National Archives Department

Agency overview
- Formed: 1973; 53 years ago
- Superseding agency: Library of Secretaries;
- Headquarters: Naypyidaw, Myanmar
- Agency executive: San Myint, Director-General;
- Parent agency: Ministry of Planning and Finance
- Key document: National Records and Archive Law;
- Website: www.nam.gov.mm

= National Archives of Myanmar =

National Agency

The National Archives of Myanmar, officially known as the Department of National Archives (NAD), is an agency of the Burmese government charged with collecting, safeguarding, and conserving national records and archives. The National Archives are housed in Naypyidaw's Ottarathiri Township and in Yangon's Dagon Township. The National Archives provides reference services and access to local and foreign researchers.

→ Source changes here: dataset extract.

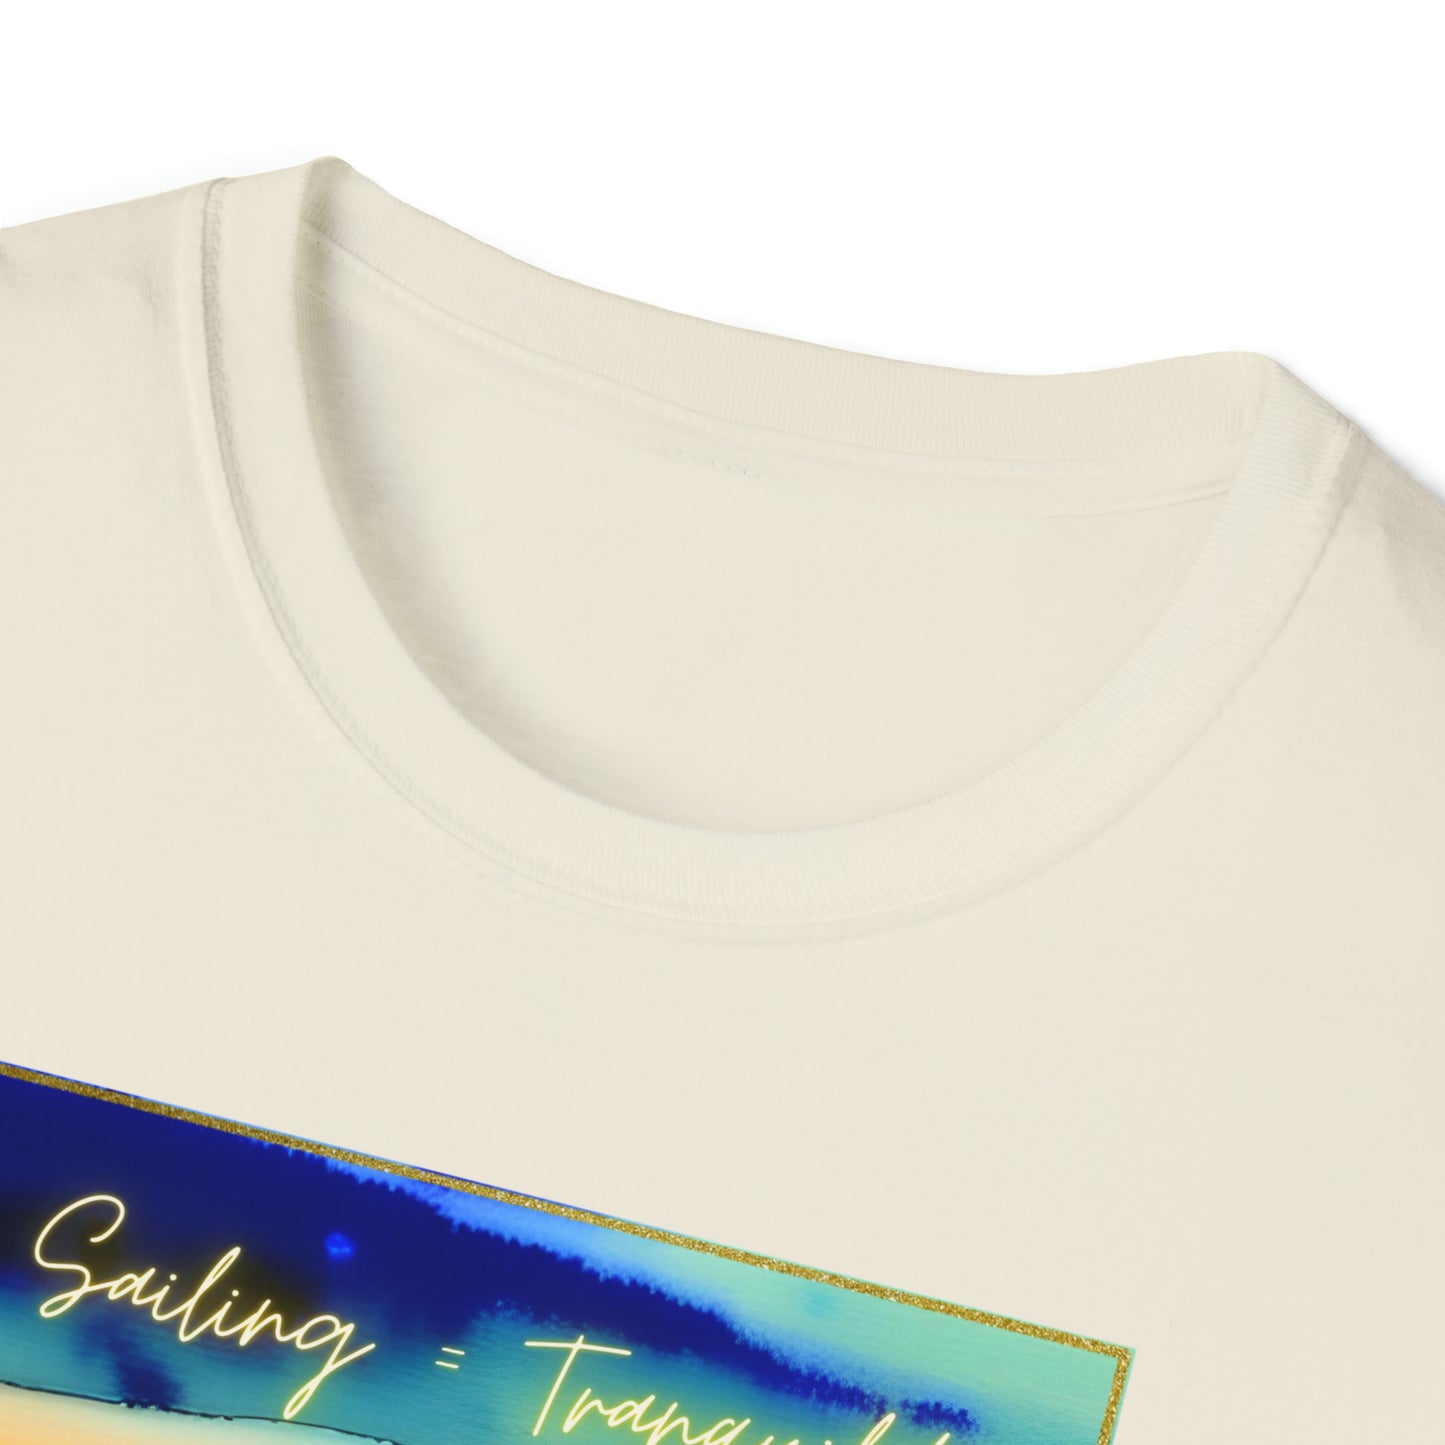 Sailing = Tranquility - Unisex Softstyle T-Shirt

The National Archives is a member of the International Council on Archives (ICA) and Southeast Asia Regional Branch of International Council on Archives (SARBICA).

== Charter ==
The National Archives are governed by the National Records and Archive Law, first promulgated on 13 September 1990 and amended on 21 February 2007. The Defence Services Historical Research Institute separately maintains records pertaining to the Tatmadaw.

== History ==
The National Archives were preceded by the Library of Secretaries office, which collected only government publications), founded in 1972. The following year, the body was upgraded to a third-grade institution, to a second-grade institution in 1990, and to a first-grade department in 2012. The National Archive headquarters were relocated to Naypyidaw in May 2015.

== Collections ==
The National Archives houses historically significant documents and collections, including 34 parabaik and 5205 palm leaf manuscripts, colonial-era government publications, the Panglong Agreement, the Aung San-Attlee Agreement, the Nu-Attlee Agreement, and the Burmese Declaration of Independence. These records span from the last two kings of the Konbaung dynasty to the present-day. A notable item in the collection is a Maha Bandula palm-leaf manuscript that was transferred from Kolkata's Victoria Museum in 1987.